Thus far in the story, we have built a circuit that learns the specific appearance of an imprinting-worthy object during the critical period, and then after the critical period, the circuit fires in proportion to how well things in the current field-of-view match that previously-learned appearance. Moreover, this circuit is not buried inside a giant learned-from-scratch data structure, but rather is sending its output into a specific, genetically-specified line going down to the Steering Subsystem—exactly the configuration that enables easy interfacing with genetically-hardwired circuitry.
So far so good!
13.3.3 How is the MOMMY Thought Assessor used?
Now, the rest of the story is probably kinda similar to Post #7. We can use the MOMMY Thought Assessor to build a reward signal incentivizing the baby goose to be physically proximate and looking at the imprinted object—not only that, but also for planning to get physically proximate to the imprinted object.
I can think of various ways to make the reward function a bit more elaborate than that—maybe the optic tectum heuristics continue to be involved, and help detect if the imprinted object is on the move, or whatever—but I’ve already exhausted my very limited knowledge of imprinting behavior, and maybe we should move on.
13.4 Sketch #2: Fear of strangers
(As above, the purpose here is to practice playing with the algorithms, and I don’t feel strongly that this description is definitely a thing that happens in humans.)
Here’s a behavior, which may ring true to parents of very young kids, although I think different kids display it to different degrees. If a kid sees an adult they know well, they’re happy. But if they see an adult they don’t know, they get scared, especially if that adult is very close to them, touching them, picking them up, etc.
Your challenge: come up with a way to implement that behavior in my brain model.
Here’s my answer.
(As usual, I’m oversimplifying for pedagogical purposes.) I’m assuming that there are hardwired heuristics in the brainstem sensory processing systems that indicate the likely presence of a human adult—presumably based on sight, sound, and smell.
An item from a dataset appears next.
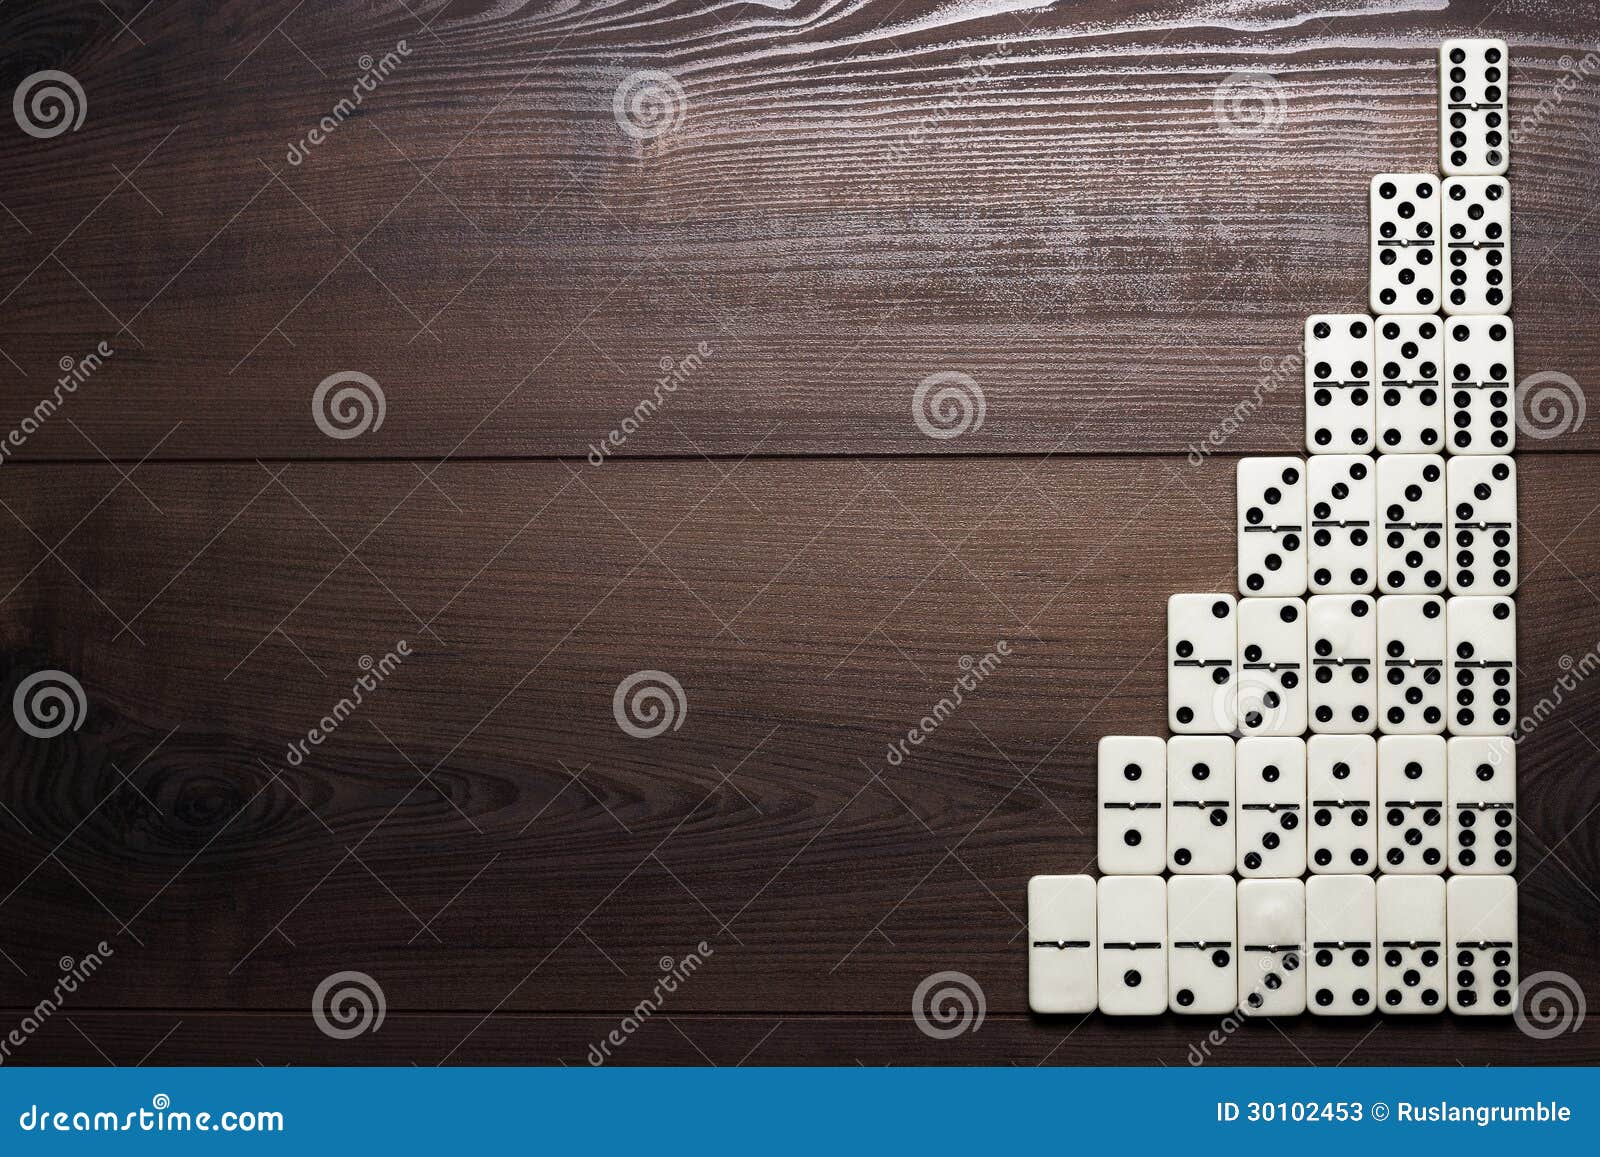 Stock Photos: Full set of domino pieces on wooden table

This signal by default triggers a “be scared” reaction. But the brainstem circuitry is also watching what the Thought Assessors in the cortex are predicting, and if the Thought Assessors is predicting safety, affection, comfort, etc., then the brainstem circuitry trusts that the cortex knows what it's talking about, and goes with the suggestions of the cortex. Now we can walk through what happens:
First time seeing a stranger:
- Steering Subsystem sensory heuristics say: “An adult human is present.”
- Thought Assessor says: “Neutral—I have no expectation of anything in particular.”
- Steering Subsystem “Stranger Danger circuit” says: “Considering all of the above, we should be scared right now.”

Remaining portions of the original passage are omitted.